18. I am therefore bound to hold that the notice to show cause by Mr. S. K. Ghosh under Section 107, Cr. P. C. dated the 21st November 1950 does not satisfy the requirements of the Statute. I hold therefore that such notice is illegal and must be set aside.
19. Then the question arises does the subsequent order of Mr. Sanyal of the 10th March 1951 to show cause, which does satisfy the requirements of Section 112, Cr. P. C. cure that initial defect. This question involves the consideration of the extent of the right to transfer a case under Section 192, Cr. P. C. There is a good deal of confusion on this branch of the subject and it appears to me to be necessary io refer to certain decisions on this point.
20. The main argument of the petitioner on this branch of the case is that Section 192, Cr. P. C. does not at all apply to proceedings under Section 107, Cr. P. C. The refrain of this argument is that Section 192, Cr. P. C. refers to cases of which the Magistrate has taken 'cognizance for enquiry or trial'. It is said that the proceeding under Section 107, Cr. P. C. may foe a 'Case' but there can be no cognizance for enquiry or trial for such a proceeding.
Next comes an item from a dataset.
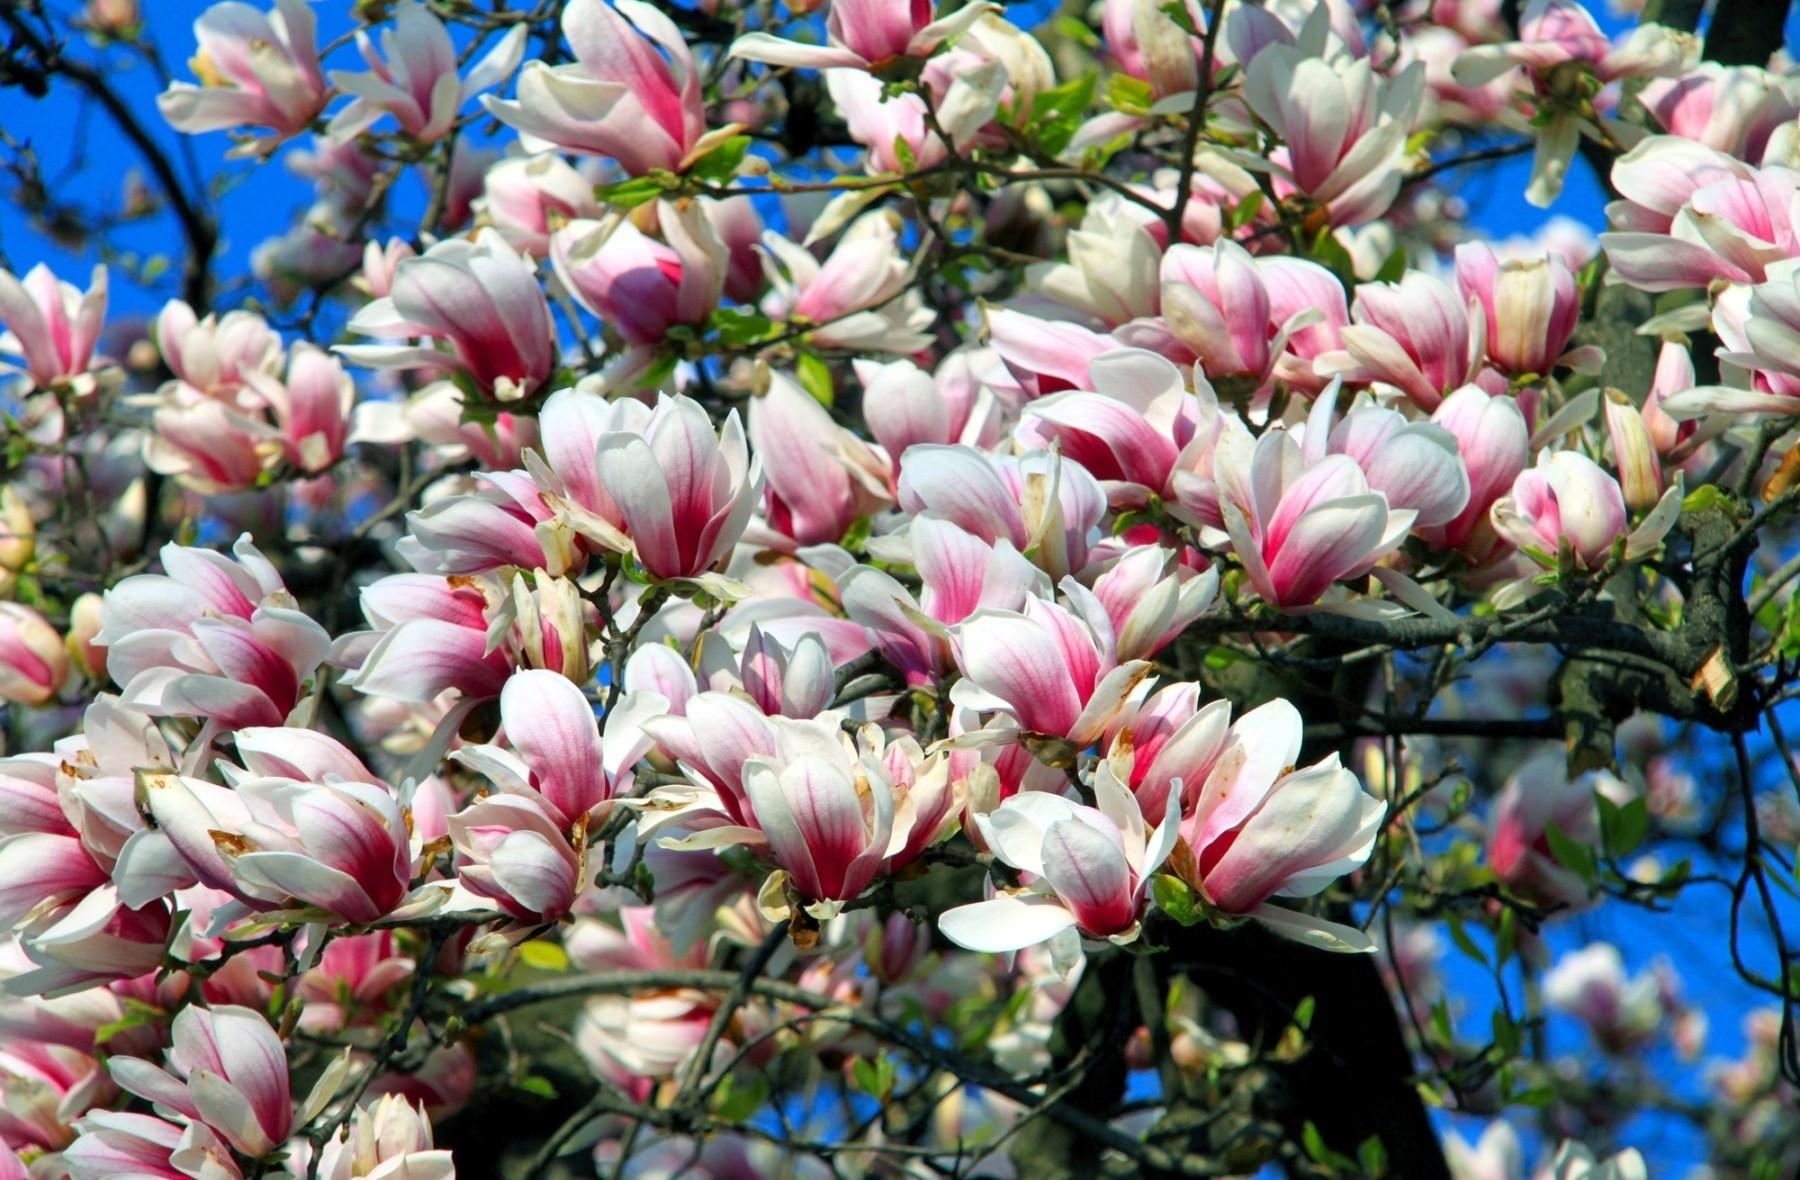 Download wallpaper 1800x1180 magnolia, blossoms, branch, sky

21. But enquiry has a very wide connotation under the Criminal Procedure Code and includes every enquiry other than a trial conducted under the Code by a Magistrate or a Court. That is the meaning given to 'enquiry' under Section 4 (1) (k), Cr. P. C. I am of the opinion that proceedings under Section 107, Cr. P. C. do come within such meaning of the word 'enquiry'. In fact Section 117, Cr. P. C. in this connection does use the word 'enquiry'. It is quite true that the word used in Section 192, Cr. P. C. is 'case' and not 'offence'. There can in my view be no doubt that proceedings under Section 107, Cr. P. C. come within the meaning of the word 'case' as used in Section 192. Cr. P. C.
22. Then the attack is made on the basis of the word 'cognizance'. It is argued that cognizance can only be taken of an offence and not of a case. Reliance is placed on the observation of Sen J. in -- 'Pran Krishna v. Shamsundar', 54 Cal W N 228 where the learned Judge was dealing with proceedings under Section 133, Cr. P. C. At page 231 of the report of that case the learned Judge observes: 'Apart from the title of these parts of the Code the wording in Section 190 itself makes it clear. It deals with a case of which cognizance has been taken. Now cognizance can only be taken of an offence. Section 190 is one of the sections which deal with the manner in which cognizance may be taken of an offence. It is clear therefore that Section 192 concerns offence.'
With great respect to the learned Judge we are unable to agree with the view that Section 192, Cr. P. C. concerns only offence. The language of Section 192 does not use the word 'offence' deliberately but uses the far more general word 'case'.
23. A Division Bench (K. C. Das Gupta J. and P. N. Mukherjee J.) of this Court in the unreported decision in -- 'Jubbar Mondal v. Tarak Chandra Ghosh', Cri. Revn. No. 721 of 1950 (Cal) where judgment was delivered on the 7th February 1951 came to the conclusion that the question whether Section 192, Cr. P. C. authorises transfer of proceedings under section 145, Cri. P. C. was well settled by the authority of the decision in the case of -- 'Satish Chandra v. Rajendra Nath', 22 Cal 898. On the decision of Sen J. that Bench observed: 'The learned Judge did consider Section 192, Cr. P. C. and hold that Section 192, Cr. P .C. deals with transfer only of offences. His attention however was not drawn to the several Division Bench decisions following the decision in the case in -- '22 Cal 898' referred to above. We are bound to follow the decision in the case reported in -- 22 Cal. 898' which as already stated has been followed in a number of cases and has settled the-law in a particular way.'
I respectfully agree with this view of the Division Bench of Section 192, Cr. P. C.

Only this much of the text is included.